7.5.18

"The Talisman" by Stephen King and Peter Straub


Interesting collaboration between two celebrated authors - the process of joined creation always strikes me fascinating, since it means input from two people with enough respect for each other to give other side a freedom and space to come up with ideas. By 1984 both King and Straub were successful enough respectively so this might sound as a safe bet, however it is still a curiosity that two such famous people decided to cook something together, not many authors are able to do that.

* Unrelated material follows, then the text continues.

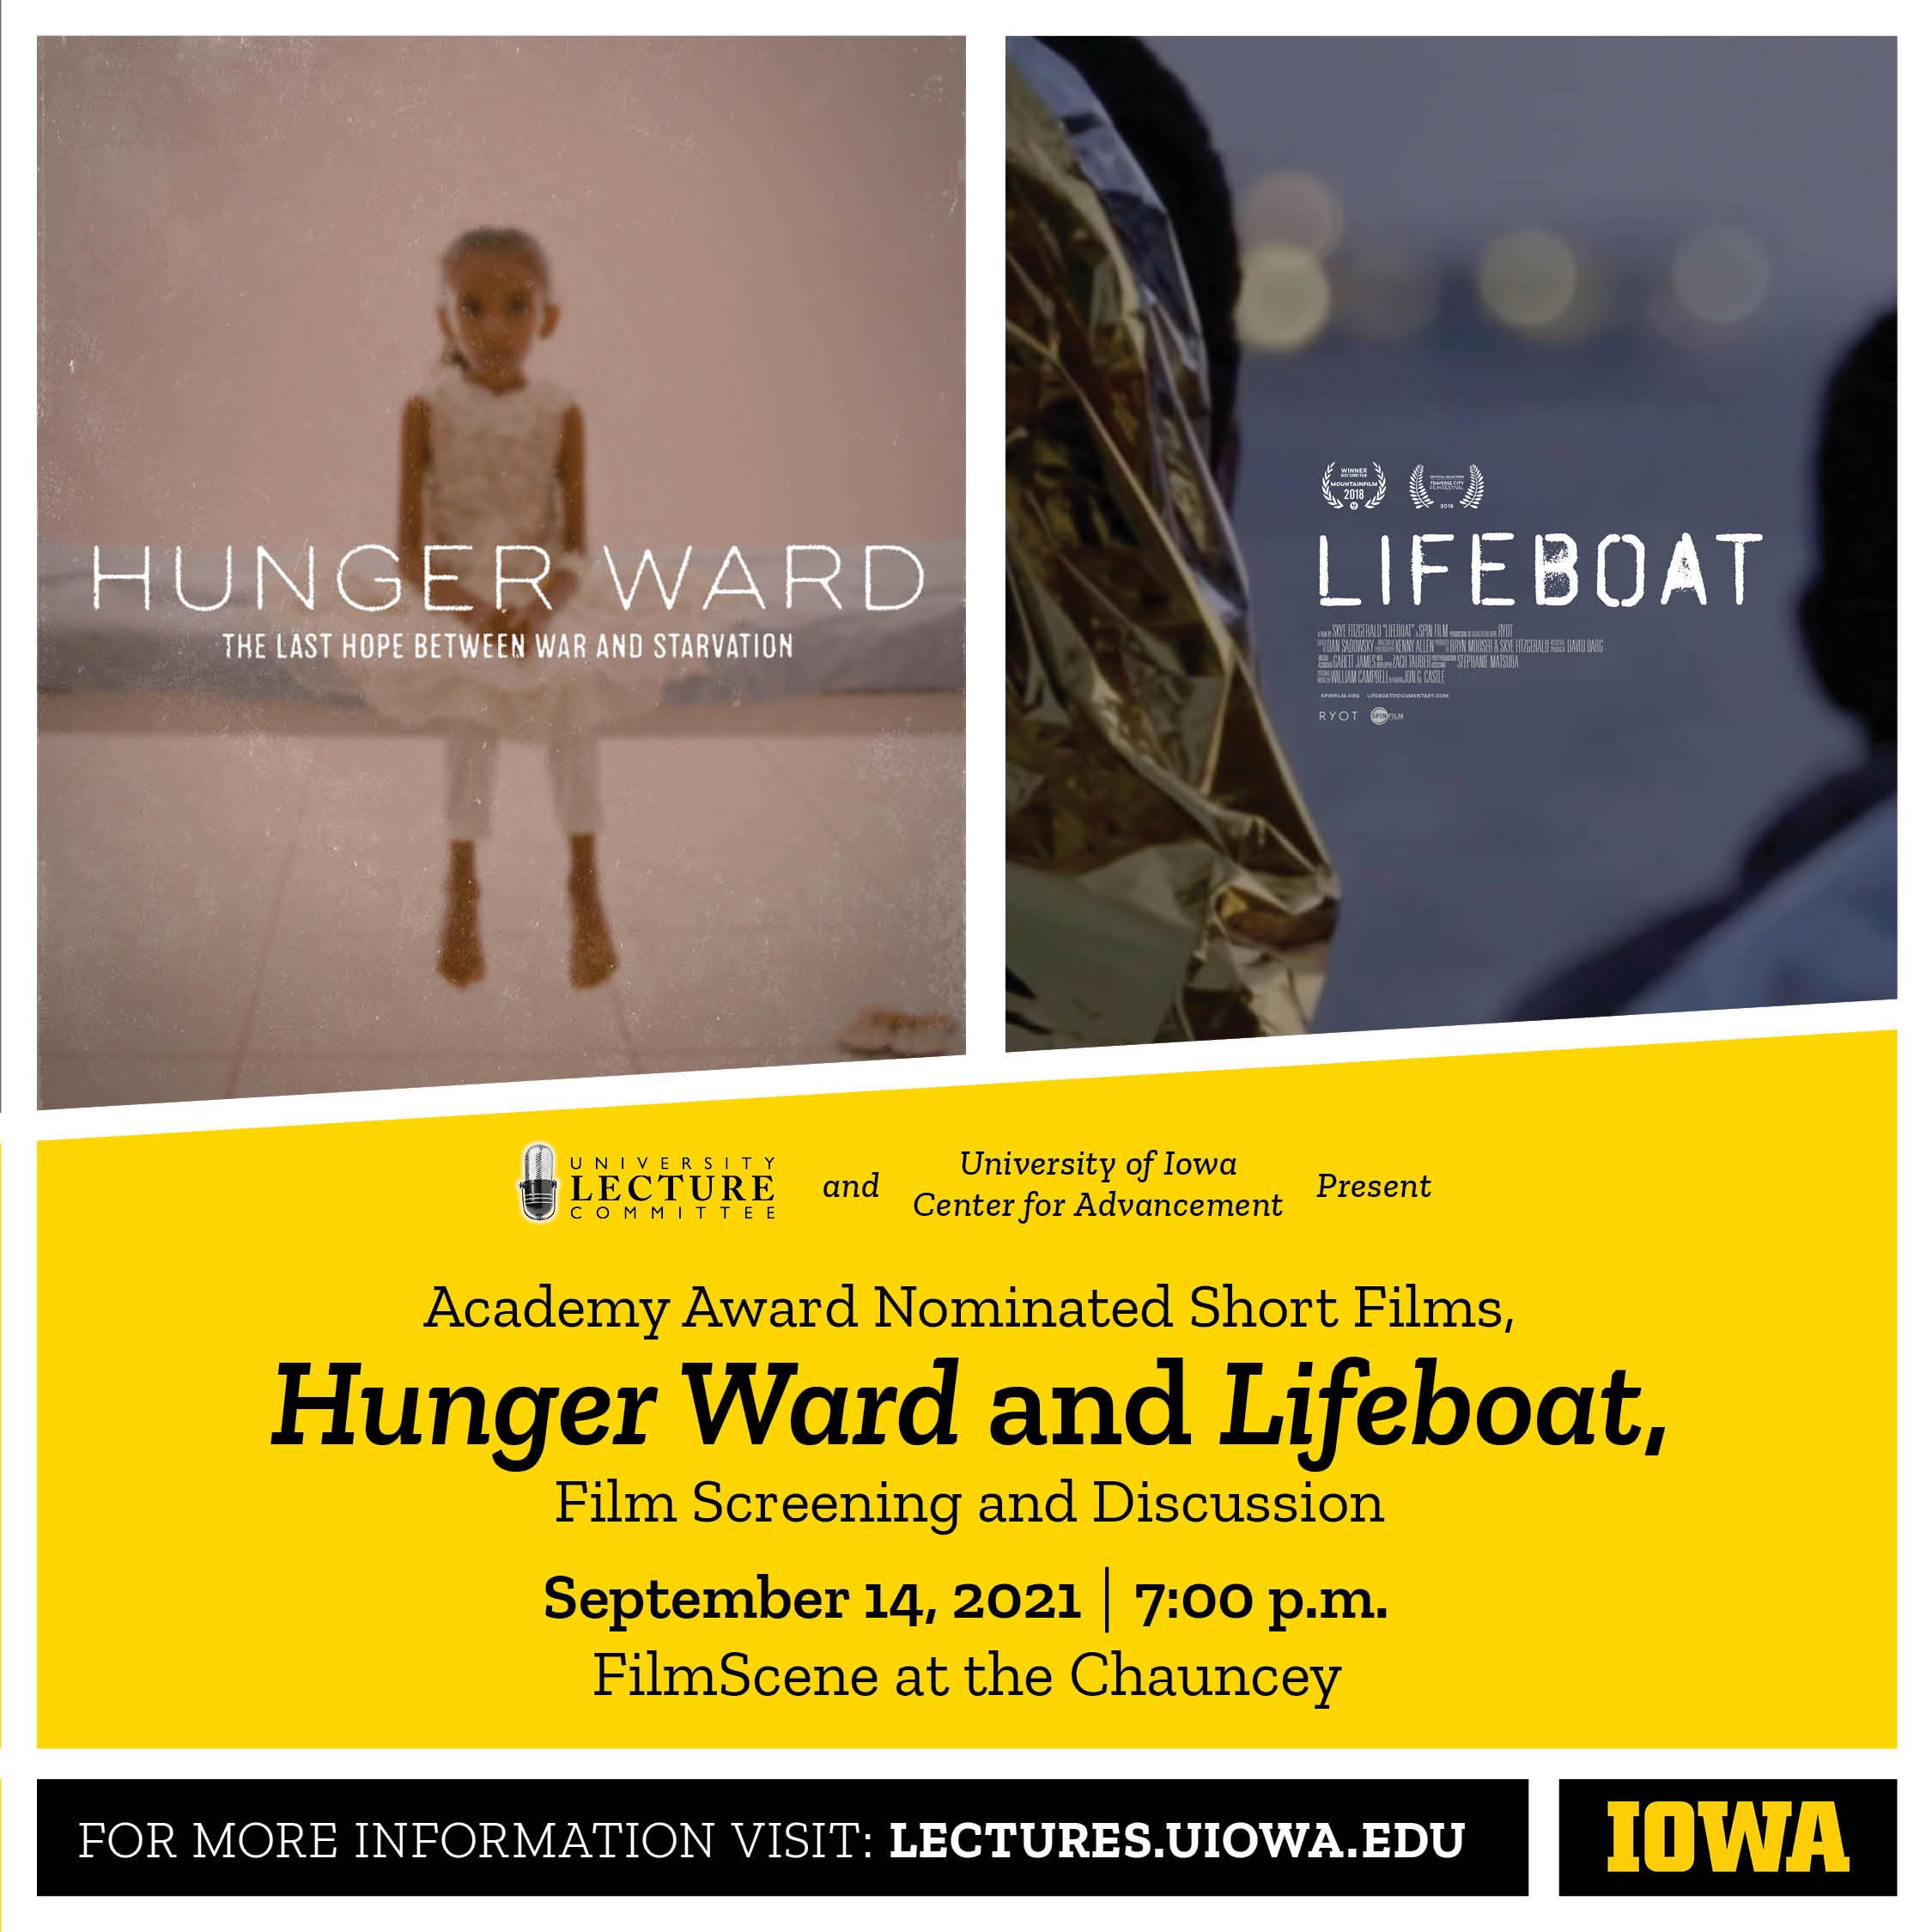 Hunger Ward and Lifeboat

Contrary to my expectations, "The Talisman" is actually not a horror at all. Sure, it has occasional dark and chilling moments, its occasionally even creepy but mainly this is a fantasy story with a twelve-year old protagonist floating between two worlds (our reality and its mirror image, which is kind of medieval) in a search of talisman that will cure his dying mother. Jack Sawyer is kind of medieval knight himself (despite his young age) in a search for a Holy Grail and along the way he has to journey trough difficult and dangerous places, encounters all sorts of strange characters, avoid the enemies and befriends delightfully bizarre sidekicks. It was a fairly gripping read, as you would expect from anything that King wrote and if there is one thing that slightly bothered me, it was that my affections were not so much centred on Sawyer kid (who is supposed to be the main character) but far more towards his comical sidekicks - as if they are aware of this, authors eventually decided to eliminate everybody who might upstage their main hero (noble boy fighting to cure his mother) which upset me greatly and I even considered stop reading the darn book any further - once my favourite character was out of the story, it lost its charm and attraction for me and the rest was just plodding away to its conclusion. Authors tried to patch it up later, but I wasn't convinced. I noticed this with Stephen King already before, the tendency to create literary characters we get attached to, just to dispose of them in the next chapter, it is a kind of mental cruelty, really.